Puis cette exaltation tomba peu à peu. Depuis le matin, l’atmosphère offrait cette lourdeur électrique qui fait éprouver un malaise véritable aux organisations nerveuses. L’orage, longtemps contenu, éclatait alors avec violence; le tonnerre grondait au loin, répété par les nombreux échos des montagnes; la pluie battait sans discontinuer contre les fenêtres; à chaque instant quelque rafale de vent, passant sur le château, arrachait des gémissements plaintifs aux girouettes des toits, aux persiennes mal fermées, à tout ce qui donnait prise à sa vague aérienne. Parfois un souffle plus pénétrant s’introduisait jusque dans les corridors intérieurs et y courait comme une note lugubre dans les tuyaux d’un orgue gigantesque. L’âme la plus calme n’eût pas écouté sans émotion ces voix étranges se lamentant dans le silence de la nuit. La sensibilité maladive de Mme de Bergenheim, exagérée depuis quelque temps par une lutte morale continuelle, finit par s’en affecter jusqu’à la souffrance; insensiblement ses pensées prirent un cours mélancolique en harmonie avec la tristesse de l’orage, et les songes dorés de son imagination s’évanouirent, remplacés bientôt par un morne abattement.

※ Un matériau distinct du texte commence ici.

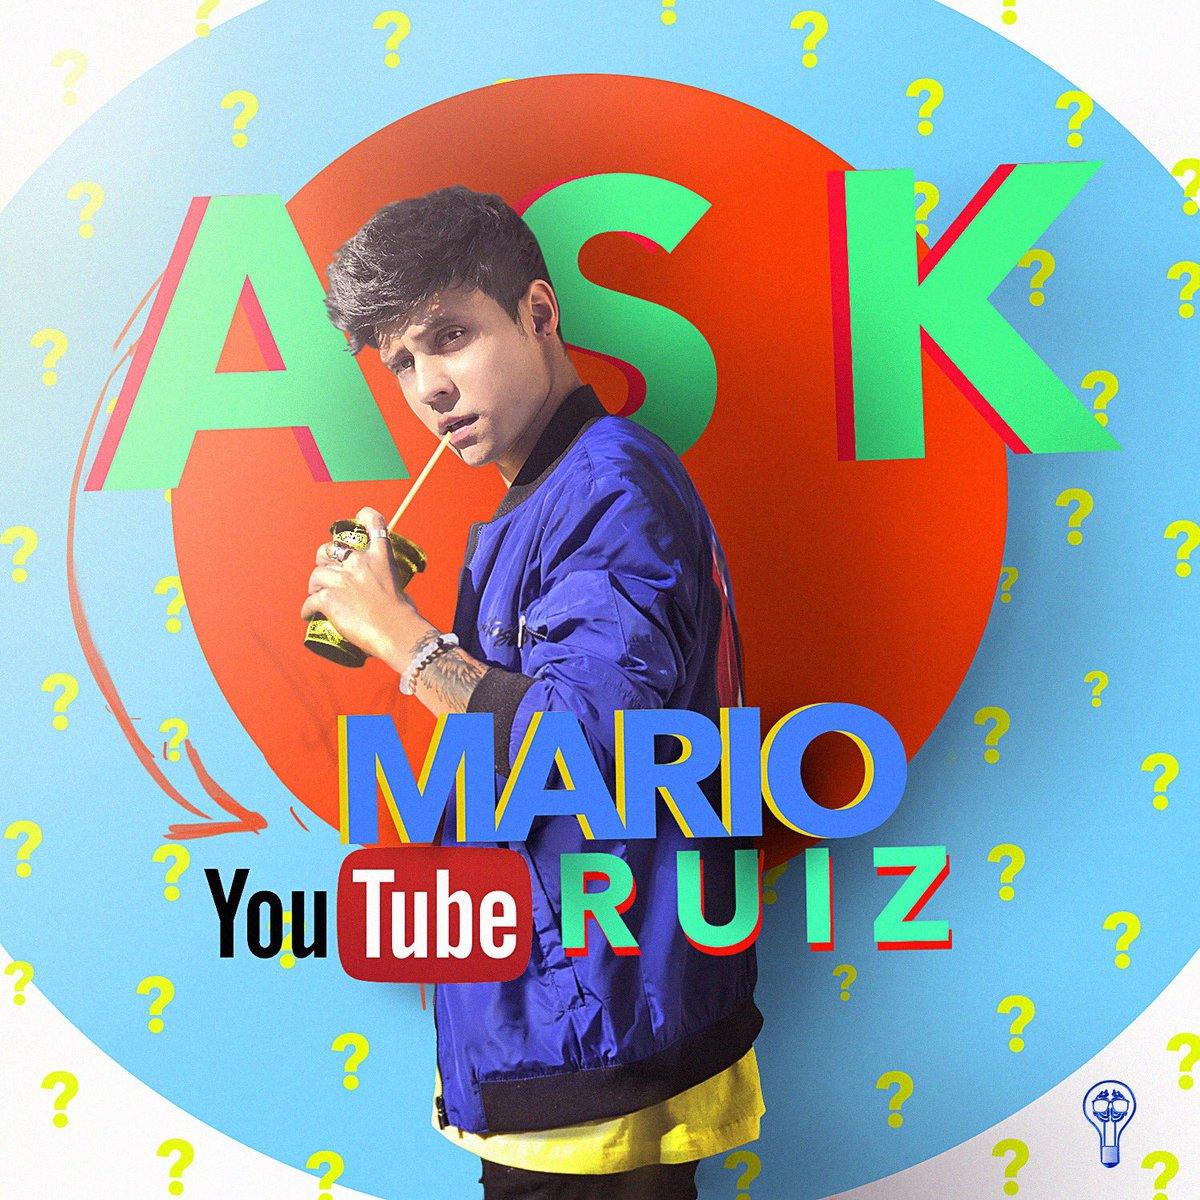 Faltan 10 minutos para el nuevo videoooo!! #NuevoVideoDeMarioRuiz

Dans ces accès de découragement plus fréquents depuis quelque temps, un regard désenchanté sur sa propre position lui montrait les abîmes qu’elle ne voulait pas voir en d’autres instants, ou qu’elle croyait franchissables. Tant que, luttant de bonne foi, elle avait regardé Octave comme un adversaire, elle l’avait eu en face d’elle, et il lui avait donné assez d’occupation pour la distraire d’un retour approfondi sur elle-même; mais depuis qu’elle était allée à lui comme on passe à l’ennemi, et que, dans son âme, elle avait pris parti pour l’amant contre le mari, c’est en face de celui-ci qu’elle se trouvait; le courage lui manquait à cette seule idée, tant elle se sentait faible, coupable, vaincue avant le combat. Lorsqu’elle jouait encore avec sa passion, elle avait peu pensé à Christian; elle eût trouvé puéril de faire intervenir l’idée tutélaire de son mari dans un divertissement sans danger selon elle; puis lorsque, voulant briser son jouet, elle l’avait trouvé de fer et qu’il s’était métamorphosé dans sa main en un joug de plus en plus tyrannique, elle avait appelé à son aide les divinités conjugales, mais d’une voix trop étouffée pour être entendue. Maintenant la situation avait encore changé. Christian n’était plus l’allié insignifiant que la femme vertueuse avait condamné par fatuité de sagesse à une neutralité ignorante, ni le protecteur au bras duquel la faible femme avait voulu se retenir lorsqu’un vertige était venu rendre le sol glissant à ses pieds tentés d’une chute: il était le mari, dans l’acception hostile et redoutable de ce mot; le mari, ce despotisme jaloux et brutal, ce cauchemar de toutes les heures, ce garnisaire imposé au lit qui l’abhorre, ce reptile dont la rose doit souffrir la souillure, cet être enfin en qui s’incarnent tous les fléaux de la terreur, toutes les répugnances du dégoût, toutes les difformités du ridicule, le jour où l’amour ne reconnaît plus ses droits.